Great records expand the definition of what is possible in music. I can still remember how thrilling it was to play the debut albums by the Doors or Led Zeppelin, and to hear Rubber Soul, Revolver, Beggars Banquet, Let It Bleed, and so many others for the first time. I still feel that thrill when I hear them now, but they don’t sound as exotic and new as they did the first few times. Hendrix’s records still do. Even after all these years, his music often sounds like something from another culture. Only a very few records, such as Miles Davis’s Bitches Brew or Captain Beefheart’s Trout Mask Replica, retain that strangeness, the feeling that there is still some secret contained in them that can’t quite be revealed.

Jimi Hendrix died two months before he would have turned 28. He was a star for less than four years, but in that time he released three studio albums, a greatest hits collection, Smash Hits (1968), and a live album.
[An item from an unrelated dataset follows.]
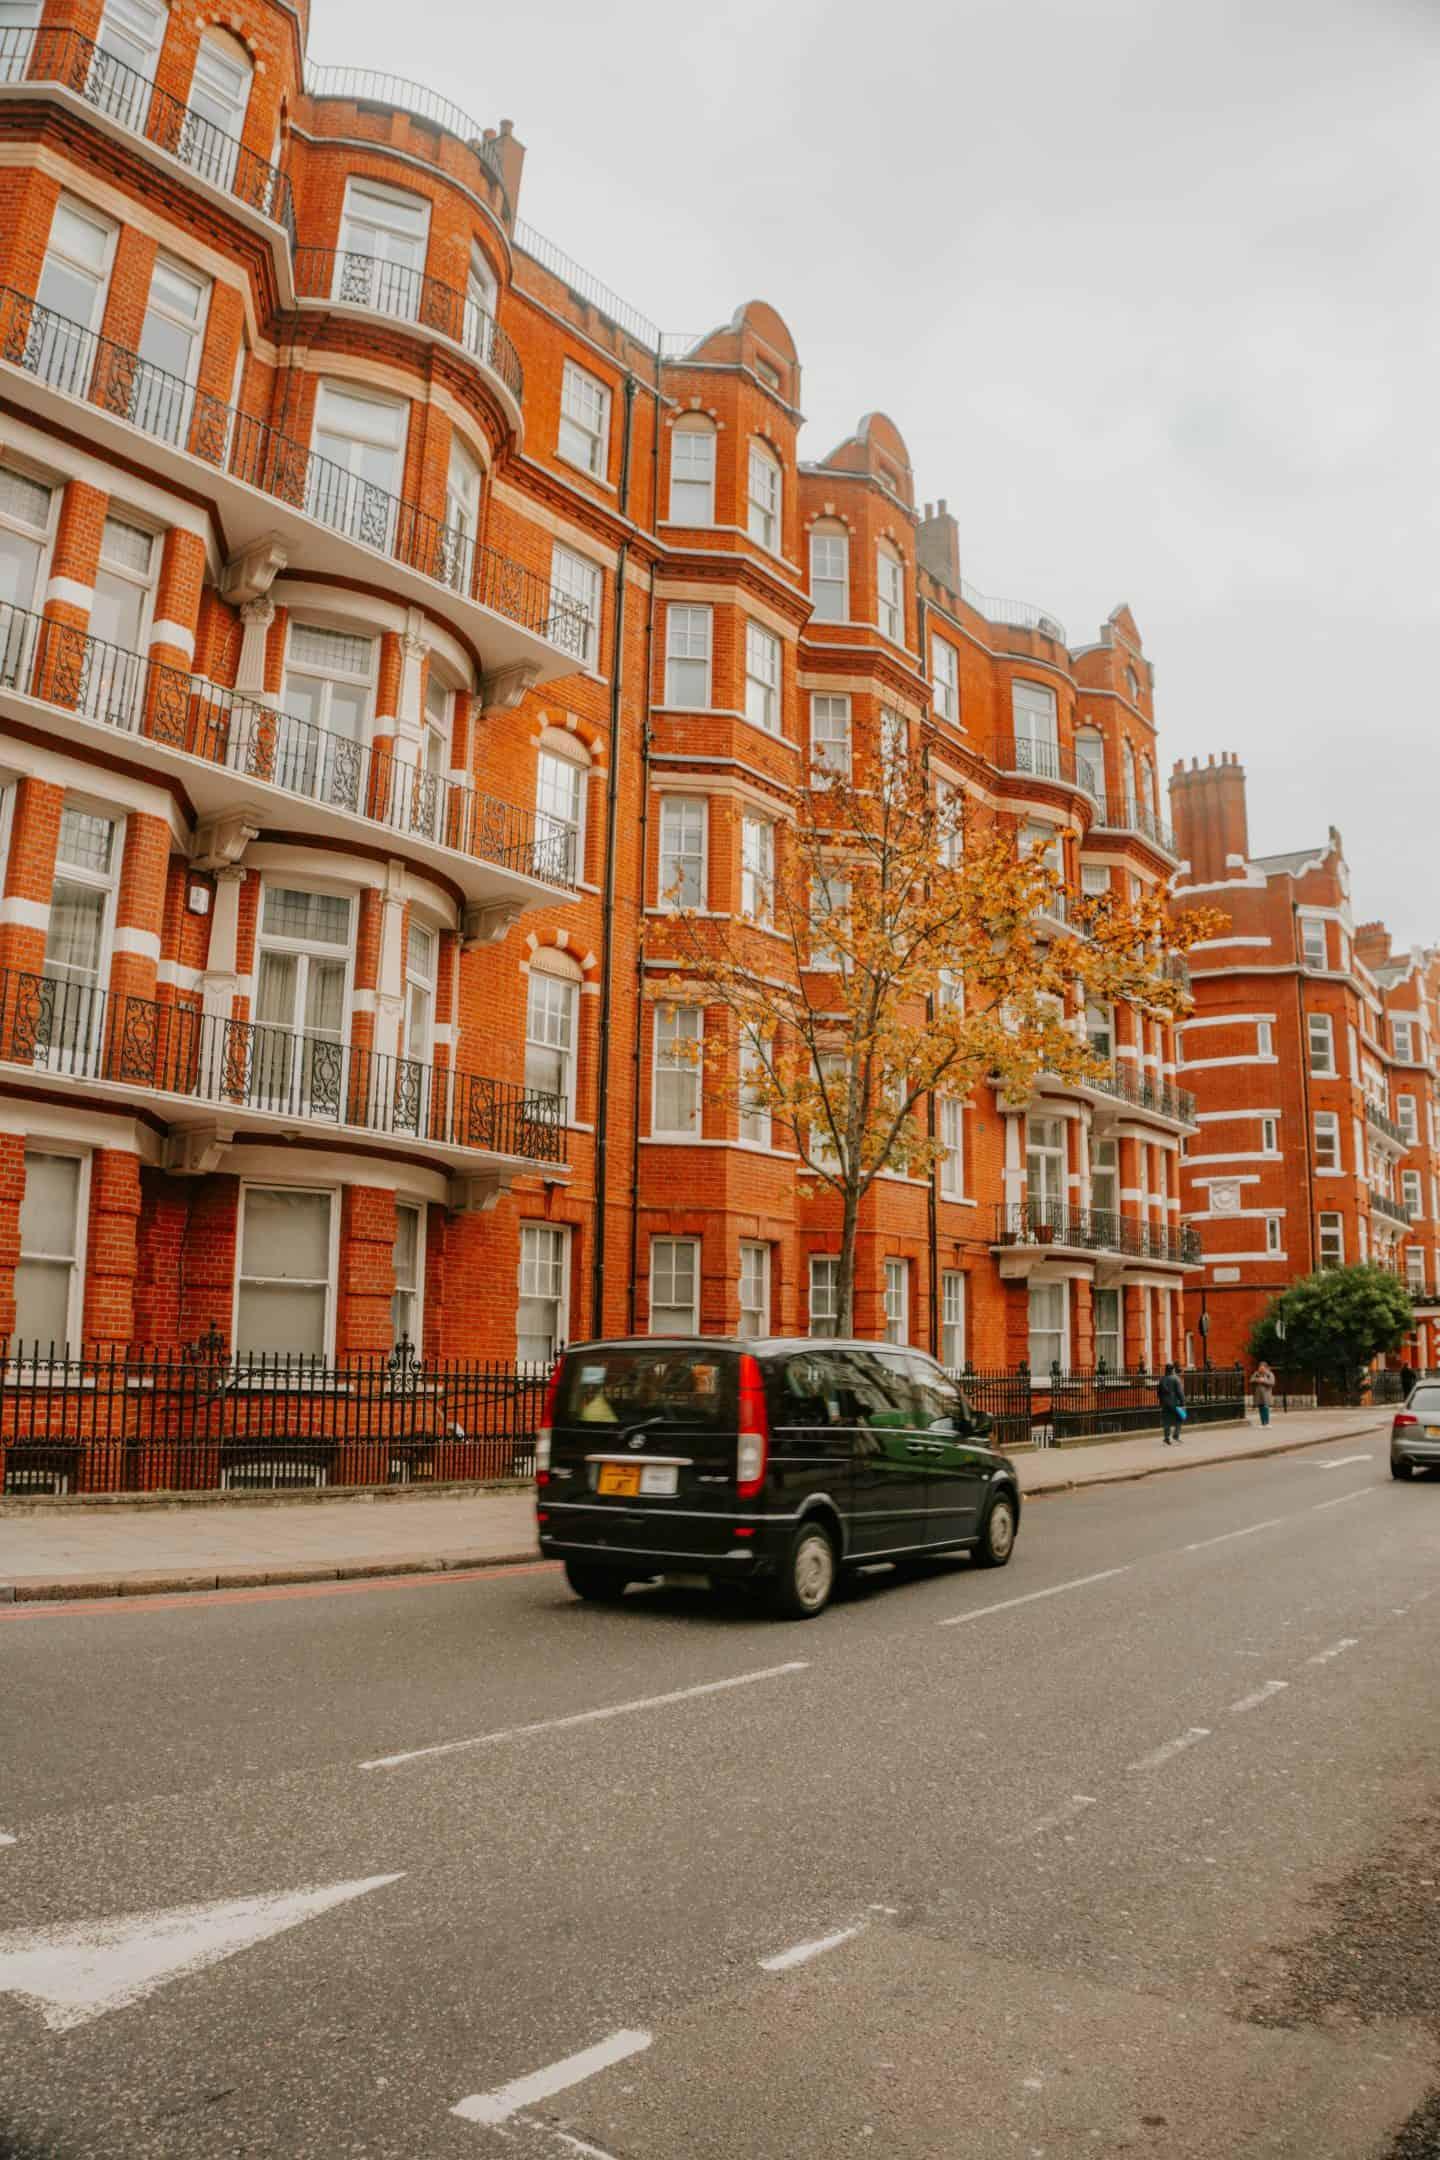 Fulham London

He recorded countless additional hours of music. He influenced many guitarists, and his impact on other musicians went in some unexpected directions. Much of what George Clinton did with Funkadelic is hard to imagine without Hendrix; Prince certainly took some cues from him, and the first two Mahavishnu Orchestra albums are clearly part of a musical world Hendrix helped create. Even Miles Davis’s masterful forays into “electric” music, In a Silent Way (1969) and Bitches Brew (1970), reflect something of Hendrix’s musical imagination.

It’s interesting to speculate on the directions Hendrix would have taken had he survived. It’s also a waste of time. Enjoying the music he left us is enough.